- **Your task**:
What are the lines below, starting at the line containing "Tom Ford Red" and ending at the line containing "Donald Trump waves while near Air Force One"? Write them out exactly, ends included, without pictures.

** Information given follows **

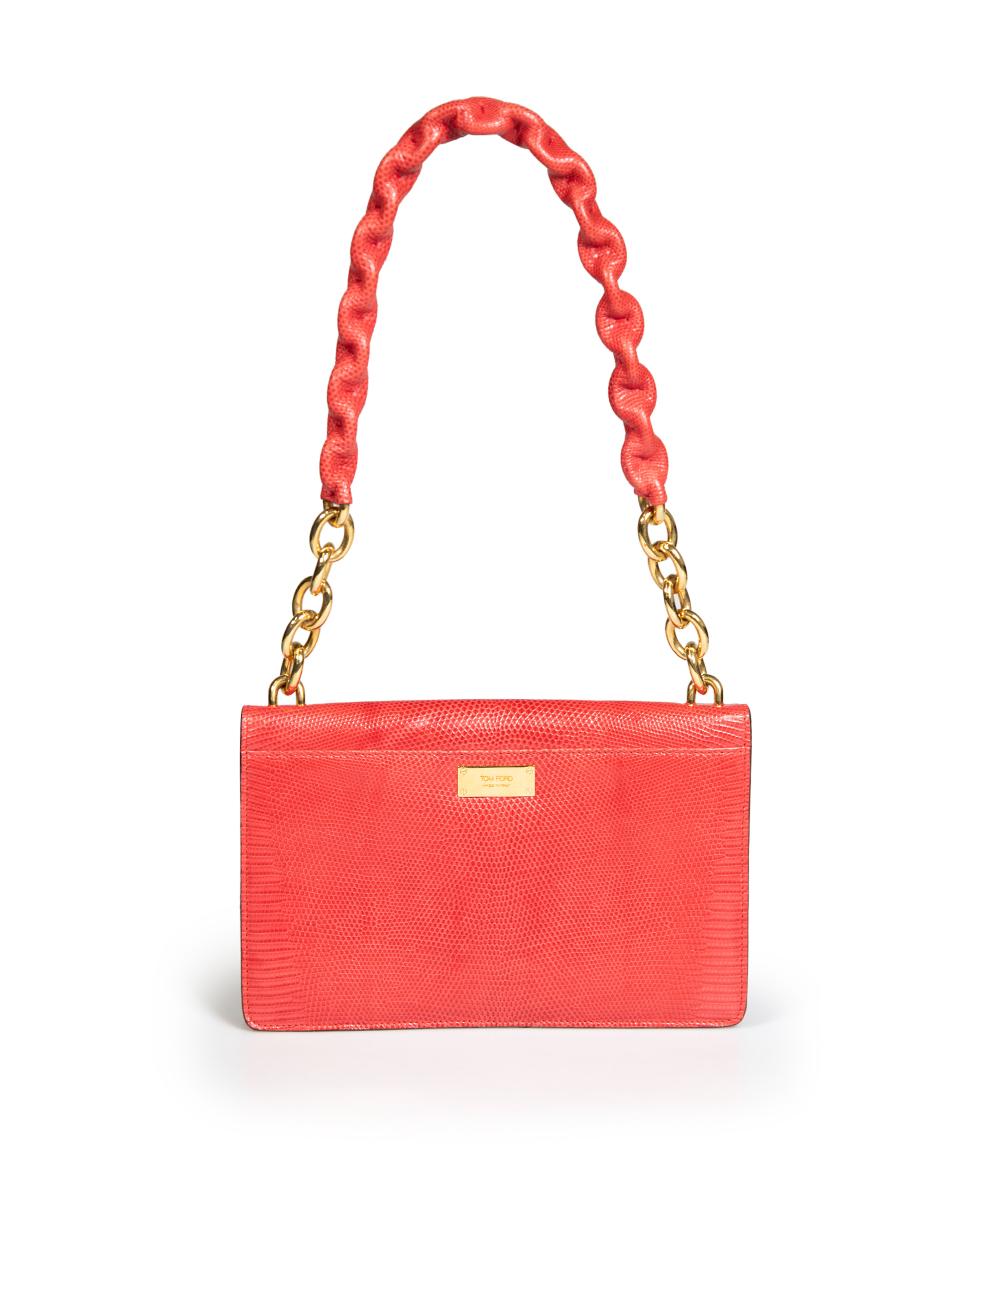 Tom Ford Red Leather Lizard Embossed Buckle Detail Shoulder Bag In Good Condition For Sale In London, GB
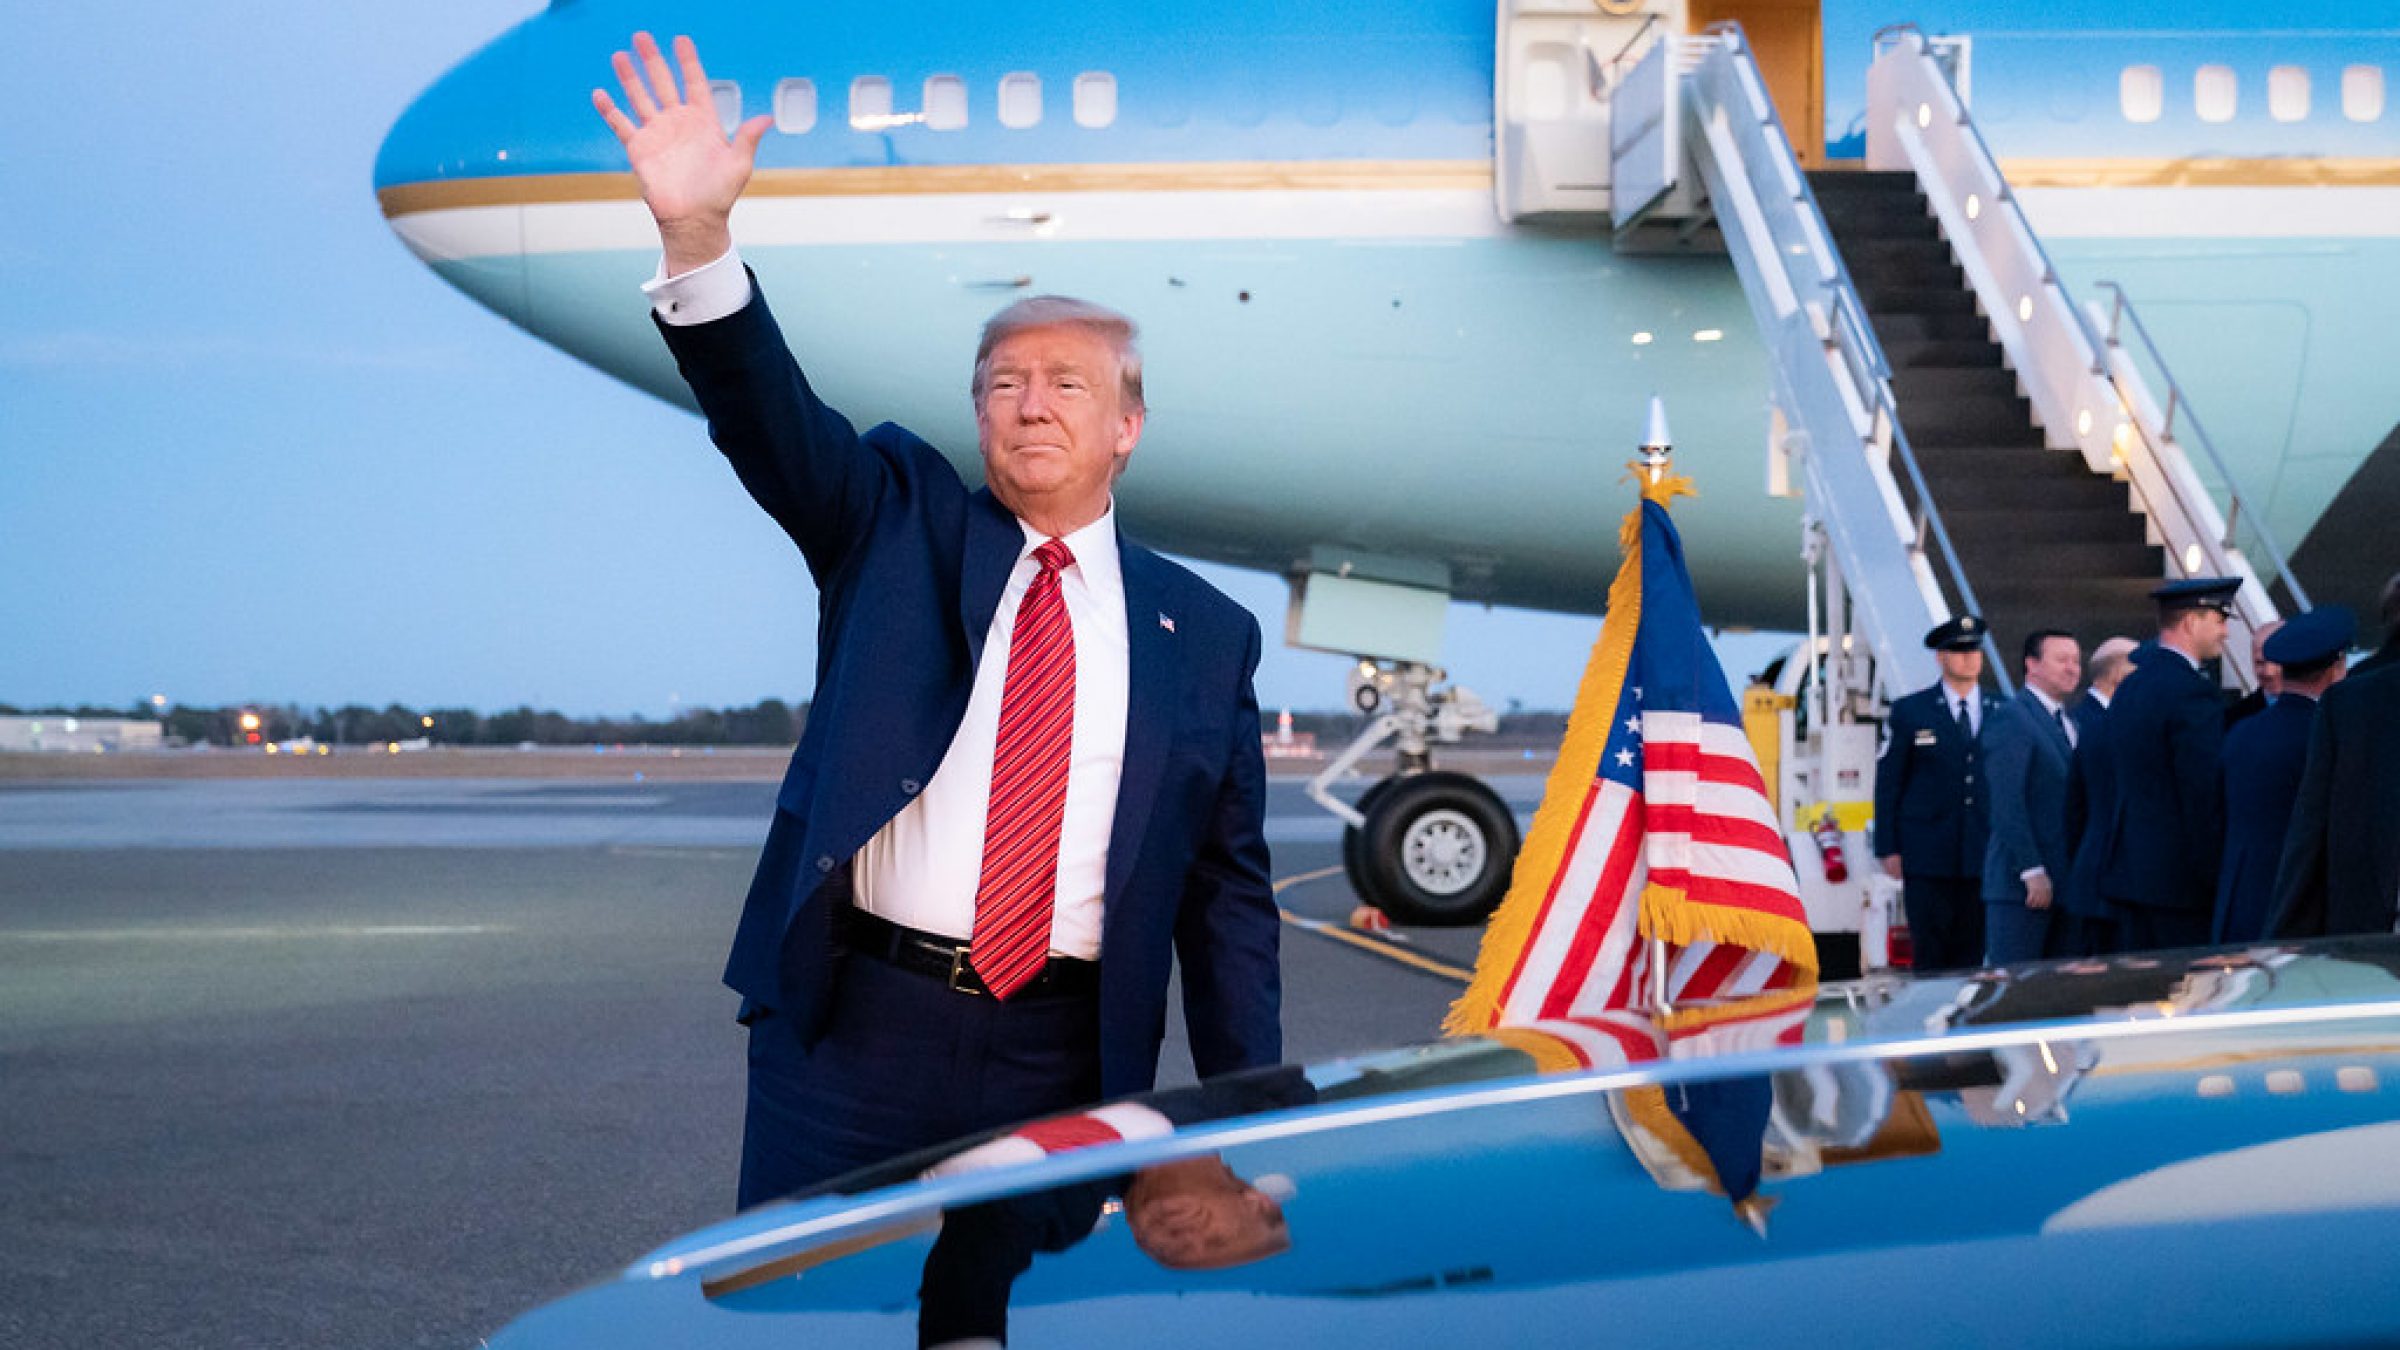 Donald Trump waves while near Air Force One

** End of Information given **
** Information given follows **

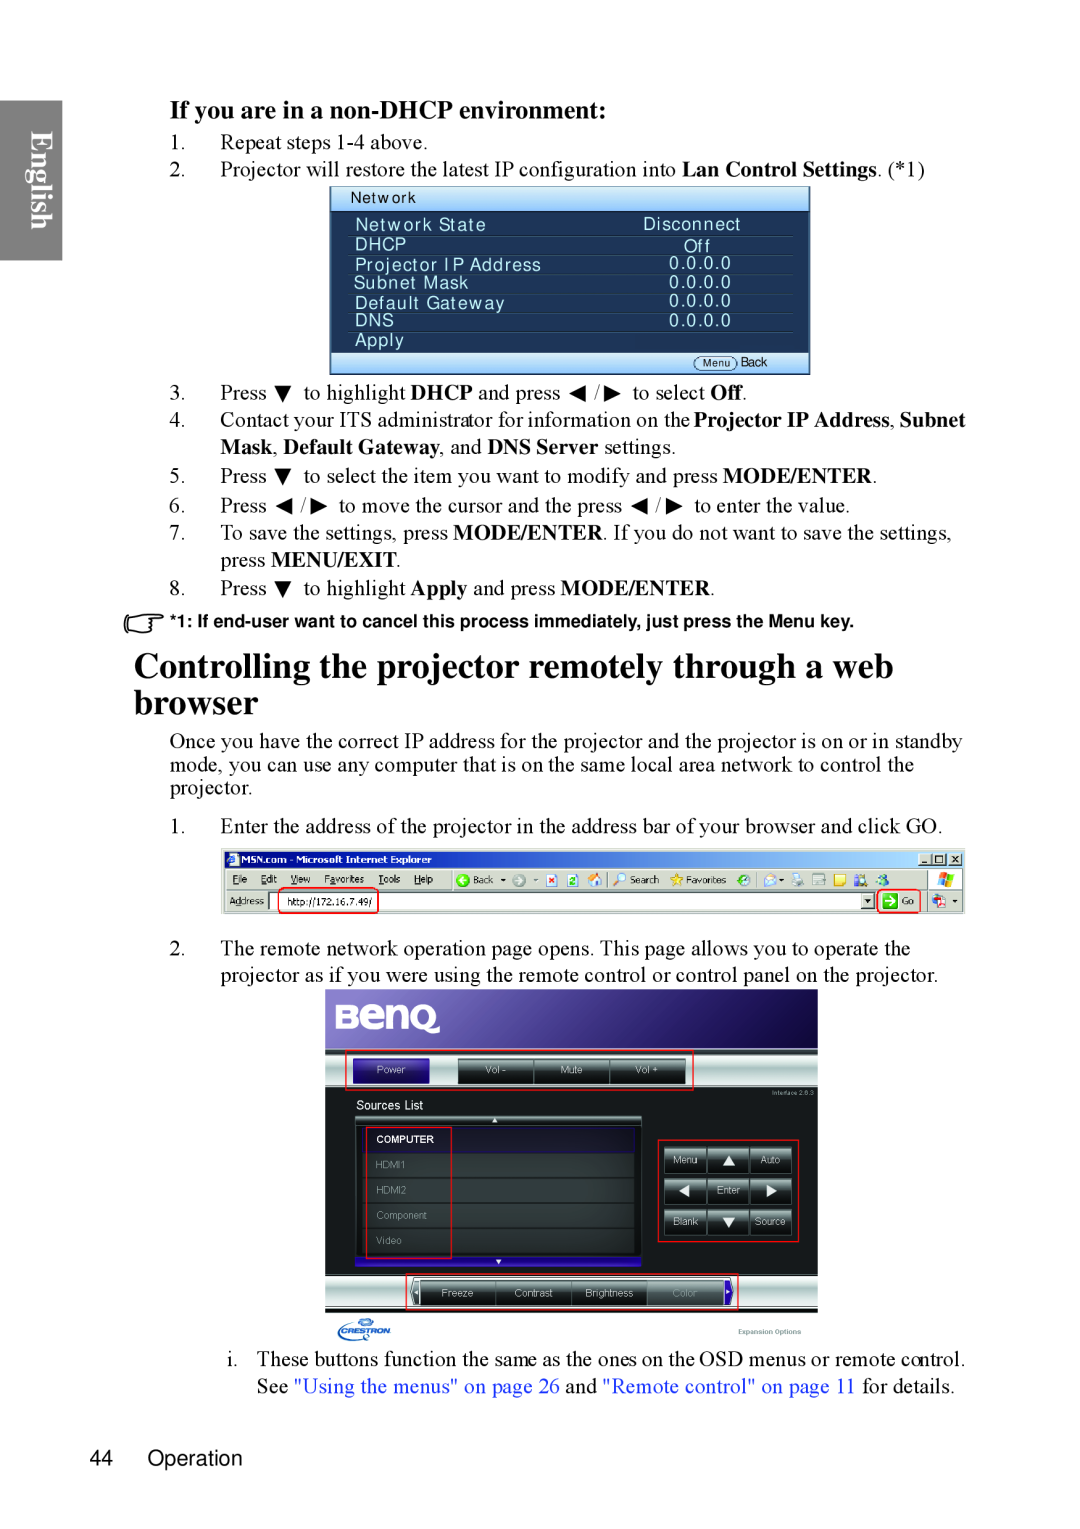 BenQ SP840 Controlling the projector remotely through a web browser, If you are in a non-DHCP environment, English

** End of Information given **

- **Reply to the task**:
 Tom Ford Red Leather Lizard Embossed Buckle Detail Shoulder Bag In Good Condition For Sale In London, GB
 Donald Trump waves while near Air Force One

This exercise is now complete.